One strategy is to simply layer multiple layers of quantum dots of different sizes to maximize MEG and absorption.  Another advanced approach is to use metal nanostructures to first "soak up" (so to speak) the photon's energy (instead of having the exciton-generating layer directly absorb it).  In this approach, the energy is temporarily stored in electron oscillations (surface plasmons (SPs)).  These plasmonic charge effects are then used to produce excitons in an associated organic nanolayer.  

One reason this approach is attractive is that metal nanostructures tend to be very good at trapping light via scattering it along a surface, thus there's less reflection.  Another reason this approach is attractive ist that plasmons can also be created from quantum thermoelectric effects, leading to a device that can both recapture waste heat and capture solar energy.

Black Metal Nanowires
The nanowire "black metal" thin film used in the LLNL work is shown. [Image Source: AIP/LLNL]
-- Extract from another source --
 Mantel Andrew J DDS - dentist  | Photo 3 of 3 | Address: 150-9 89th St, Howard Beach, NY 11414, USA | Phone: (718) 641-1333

The black metal nanofilms created in this study could be applied to both thermoelectric and photoelectric sensing or power-generating devices, when combined with a second layer that produces excitons.

II. Back in Black

The LLNL work improves on past black metal devoting itself to the art of making a layer of ordered nanopillars about 50 nanometers in width and between 250 and 1400 nanometers (1.4 µm) in height.  Nanowires thin films of gold, aluminum, and silver were tested.
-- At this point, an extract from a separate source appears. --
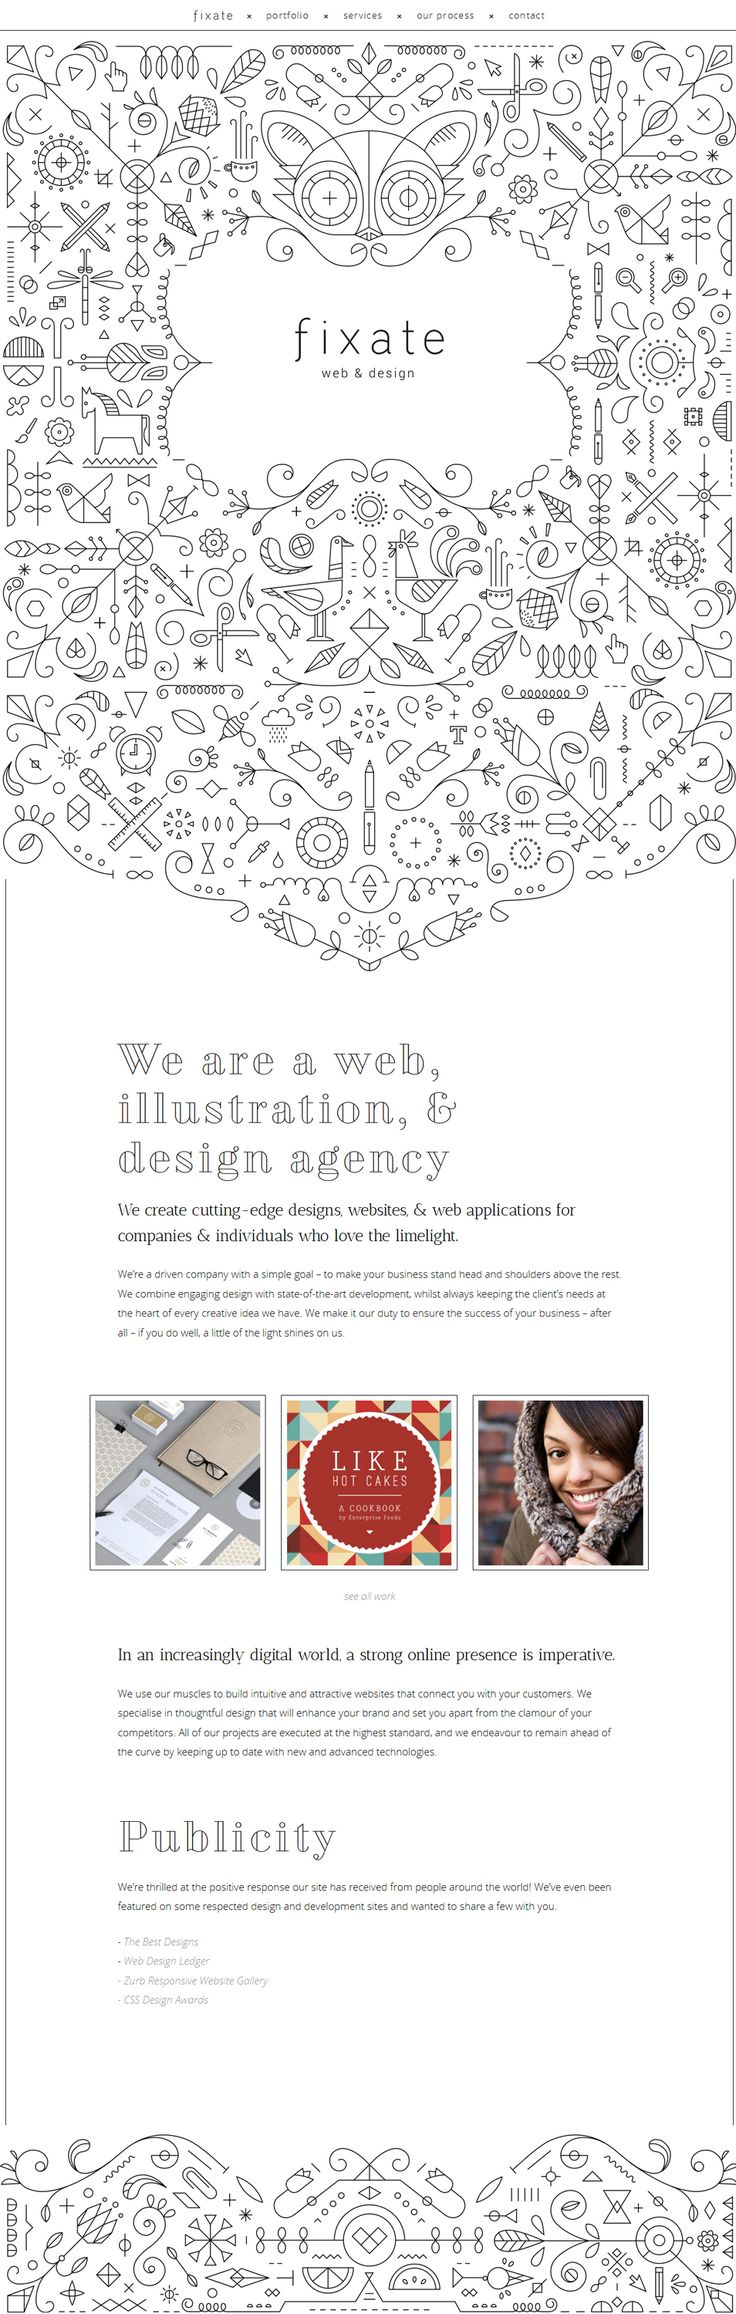 ~ fixate x web & design ~

The study indicates that taller nanowires perform the best.  And surprisingly the aluminum -- while more reflective (88% avg. reflection) than gold (74%) in unpatterned flat films -- performs the best in black metal films, covering the broadest array of spectrum including the entire visible range.  Aluminum has an average reflectivity of only around 30% at a nanowire height of ~1.3 µm.  

Nanowire reflectivity
Longer nanowires reflected less. [Image Source: LLNL/AIP]

Silver may also be a viable choice for solar thin films, as it has the "lowest losses in the visible and it is most efficient for transferring energy from the plasmon modes into the absorptive dielectric material." Gold, meanwhile has significant potential for biosensing, according to the team.

The team found that 3 µm was the upper limit to the benefits of multiple resonances, as the plasmon quantum effects fade, leading to less efficient capture.  Thus the optimal nanowire height for efficient capture appears to be around 1-3 µm.

LLNL engineer Tiziana Bond comments, "[This study] represents cutting-edge work in the area of plasmonics, the broadband operation obtained with a clear design and its implication for the photovoltaic yield."

Senior author Tiziana Bond (center, bottom) with (left to right) with Elaine Behymer (LLNL Engineering Directorate), Allan Chang, and Mihail Bora (first author) [Image Source: LLNL]

Ms. Bond and LLNL physicist Mihail Bora led a team of nine collaborators to make and test the black metal.  They published their results in the peer-review journal Applied Physics Letters, where it was distinguished by being named the cover article for its issue.  Ms. Bond is the senior author of the work, while Mr. Bora is the first author.